Patients and methods

This is a retrospective study involving patients who underwent primary ACL reconstruction for ACL ruptures between 2013 and 2014 in the Singapore General Hospital, Department of Orthopaedic Surgery. Institutional review board approval (ref. no. 2016/2544) was obtained for the completion of this retrospective cohort study. A total of 254 patients who had ACL rupture and failed conservative management underwent arthroscopic ACL reconstruction using ipsilateral hamstring autografts. Of the 254 patients, 78 patients had concomitant meniscal injuries who underwent partial meniscectomy, 31 underwent double-bundle ACL reconstruction, whereas 8 underwent bone–patella tendon–bone ACL reconstruction. Patients with revision ACL reconstruction, multi-ligamentous injuries or associated meniscal injuries requiring meniscal repair were excluded from the study as these factors would affect the immediate post-operative physiotherapy management due to prolonged weight-bearing and range of motion (ROM) restrictions, which may affect the short-term functional outcomes. Prior to surgery, patients were commenced on physiotherapy for at least 6-week duration, with therapy goals of maintaining quadriceps strength and improving knee ROM.

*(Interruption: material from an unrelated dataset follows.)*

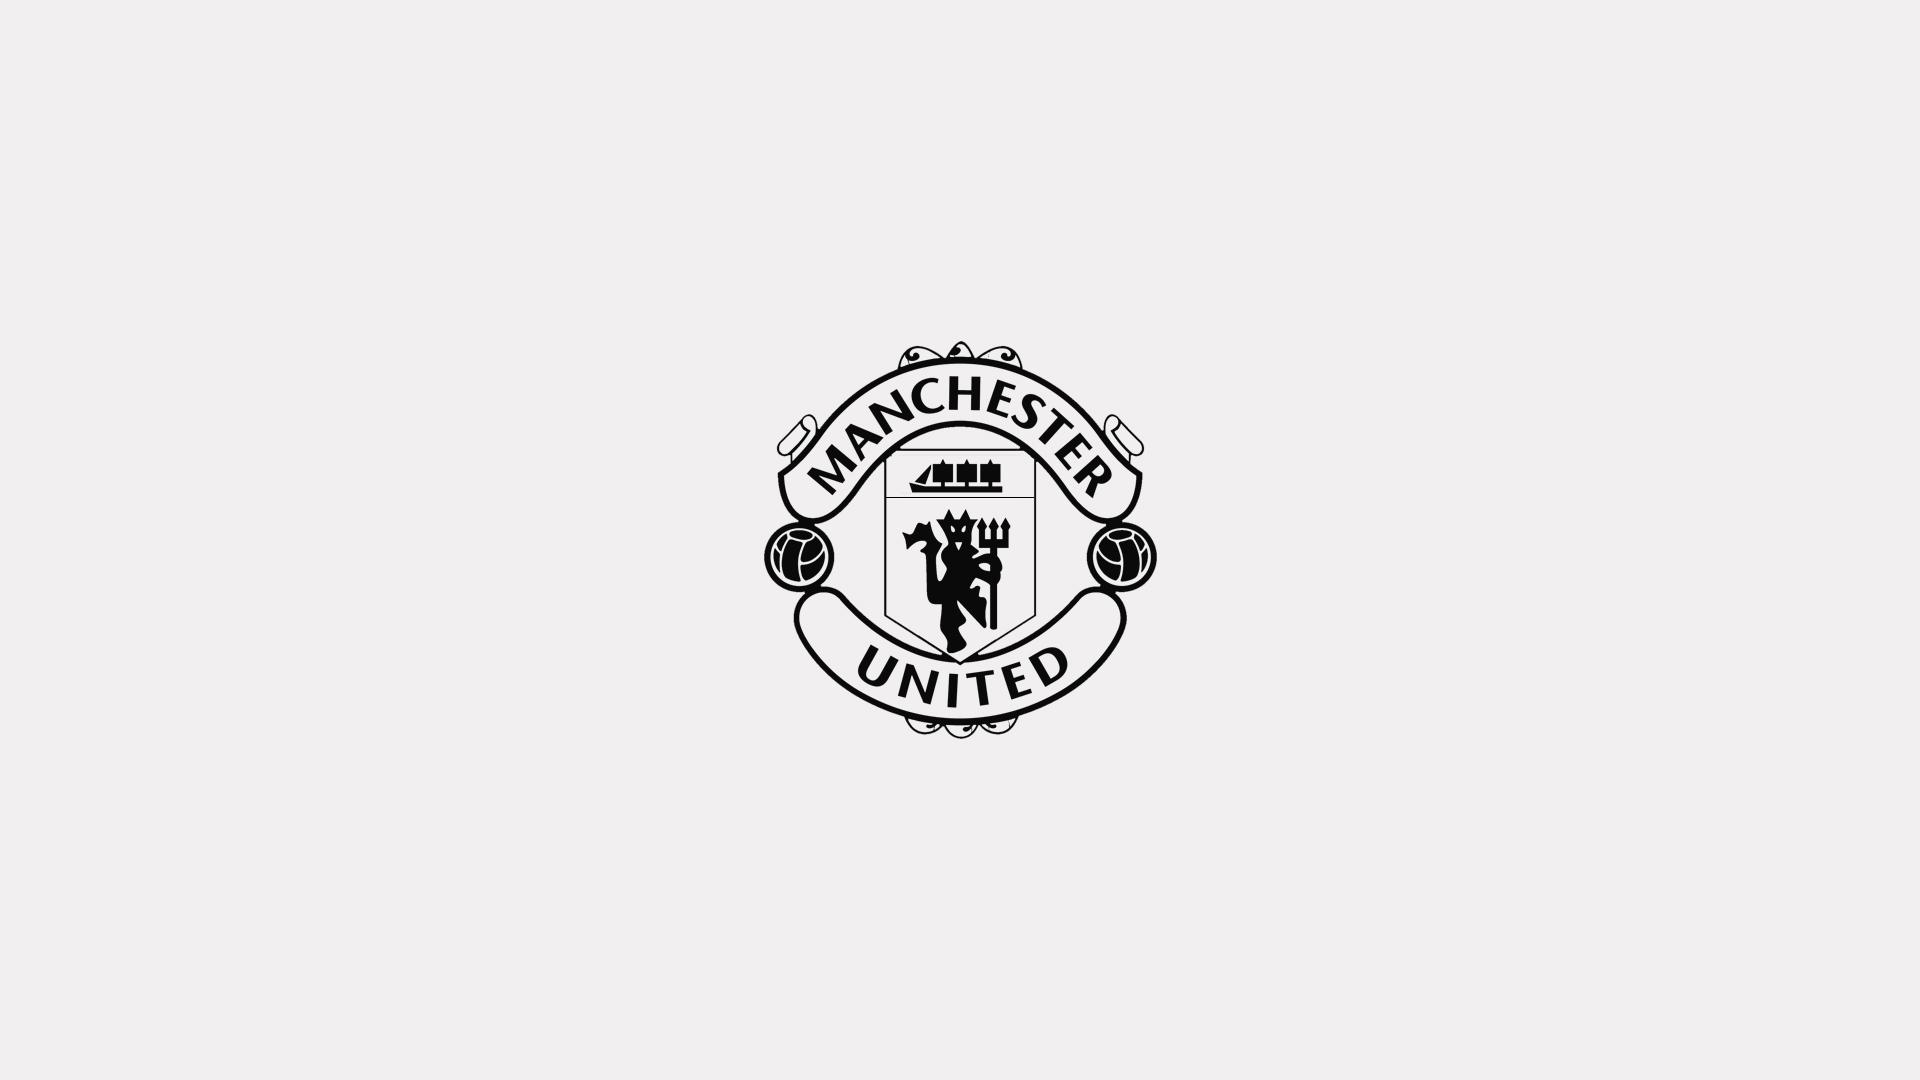 Manchester United скачать

Surgery was decided upon after discussion between the attending surgeon and patient, based on persistent patient-reported knee instability precluding attempts to return to previous sporting activities as well as clinical knee laxity with positive knee anterior drawer and Lachmann’s tests.

The patients were followed up for 1-year post-surgery. The patient group included patients who participated in both competitive and recreational sporting events, similar to the general population in our local clinic setting. The level of pre-operative sporting proficiency was assessed based on the patient’s pre-injury Tegner activity score.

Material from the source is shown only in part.